The thighs from human embryos were processed as previously described96, except that the dissociated cells were not treated with erythrocyte lysis solution, and were incubated with anti-human CD31 (12-0319-41, eBioscience), CD45 (12-0459-41, eBioscience) and CD184 (17-9999-41, eBioscience) antibodies for cell sorting. Fluorescent activated cell sorting (BD, influx) sorted CD31CD45CD184+ cells were cultured in complete growth medium DMEM supplemented with 20% FCS and 1% penicillin–streptomycin (15140122, Gibco).

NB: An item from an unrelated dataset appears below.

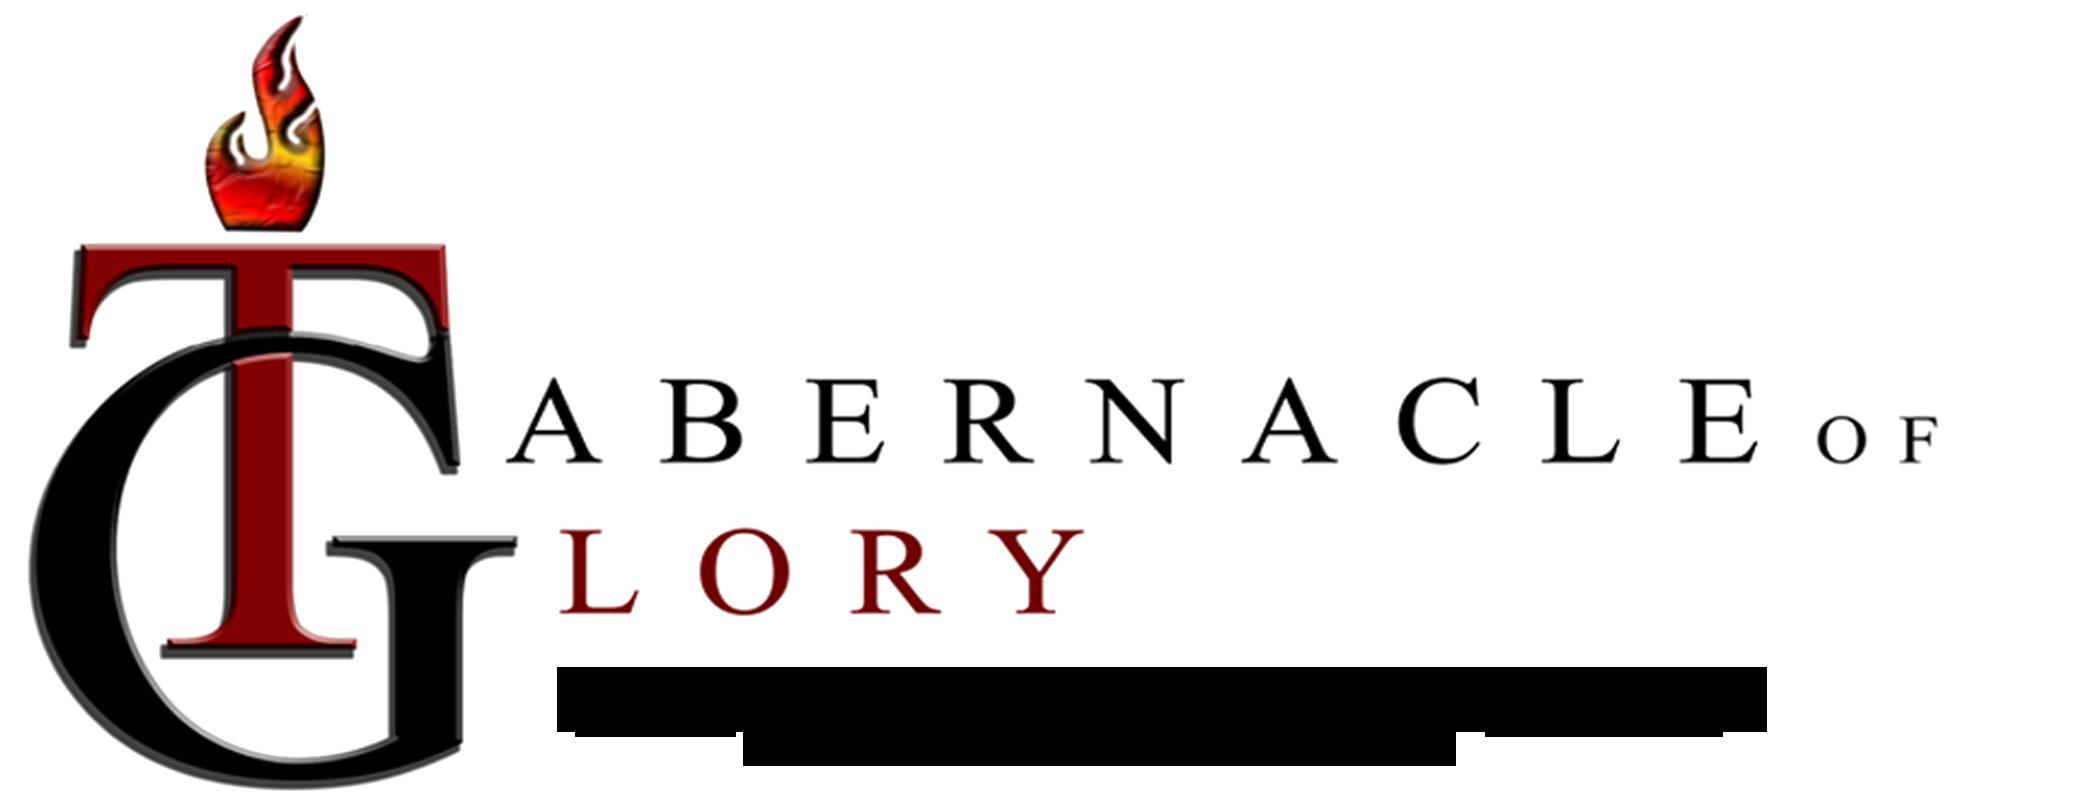 Tabernacle of Glory

Small interfering RNA transfection

Human primary myoblasts were seeded into a six-well plate one night before transfection. When the cell density reached approximately 50% confluence, oligos of small interfering RNA against MSC and negative control were transfected using Lipofectamine 3000 reagent (L3000015, Invitrogen) at a final concentration of 37.5 nM. After incubation for 16 h, the growth medium was replaced with differentiation medium containing 2% horse serum and 1% penicillin–streptomycin in DMEM. After culturing for an additional 6–8 h, the cells were collected for RNA extraction. Initially, three siRNA oligos (9242-1, 9242-2 and 9242-3, Bioneer) were tested, and the third one with sense sequences 5′-GAAGUUUCCGCAGCCAACA-3′ were used in this study.

RNA extraction and qPCR

Total cell RNA was extracted with the EZ-press RNA purification kit (B0004D, EZBioscience), and the cDNA was synthetized using the PrimeScript RT Master Mix Kit (RR036A, Takara). The qPCR was performed using PerfectStart Green qPCR Super Mix (AQ601, TransGen Biotech) on a real-time PCR detection system (LightCycle480 II, Roche). RPLP0 served as an internal control, and the fold enrichment was calculated using the formula 2−ΔΔCt. The following primers (5′−3′) were used:

RPLP0 forward: ATGCAGCAGATCCGCATGT, reverse: TTGCGCATCATGGTGTTCTT; MSC forward: CAGGAGGACCGCTATGAGAA, reverse: GCGGTGGTTCCACATAGTCT; MYOG forward: AGTGCCATCCAGTACATCGAGC, reverse: AGGCGCTGTGAGAGCTGCATTC; MYH2 forward: GGAGGACAAAGTCAACACCCTG, reverse: GCCCTTTCTAGGTCCATGCGAA; MYH3 forward: CTGGAGGATGAATGCTCAGAGC, reverse: CCCAGAGAGTTCCTCAGTAAGG; MYH4 forward: CGGGAGGTTCACACAAAAGTCATA, reverse: CCTTGATATACAGGACAGTGACAA; TNNT1 forward: AACGCGAACGTCAGGCTAAGCT, reverse: CTTGACCAGGTAGCCGCCAAAA.

Ethics statement

The work done in the UK was supported by the National Institute for Health and Care Research Cambridge Biomedical Research Centre (NIHR203312) and provided by the Cambridge Biorepository for Translational Medicine (https://www.cbtm.group.cam.ac.uk). Human fetal samples were provided by the National Institute for Health and Care Research Cambridge Biomedical Research Centre and collected under the Research Ethics Committee-approved study 96/085. The work done in China was approved by the Research Ethics Committee of Zhongshan School of Medicine (ZSSOM), Sun Yat-sen University (ZSSOM-2019-075) and Guangzhou Women and Children’s Medical Center (2022-050A01). At both centres, consent was obtained from the patient following the decision to terminate the pregnancy and in advance of the procedure. All animal procedures were performed according to protocols approved by the Institutional Animal Care and Use Committee at the California Institute of Technology. Details of human tissue sample collection are in the Methods section of this article. The views expressed are those of the authors and not necessarily those of the National Institute for Health and Care Research or the Department of Health and Social Care.

Reporting summary

Further information on research design is available in the Nature Portfolio Reporting Summary linked to this article.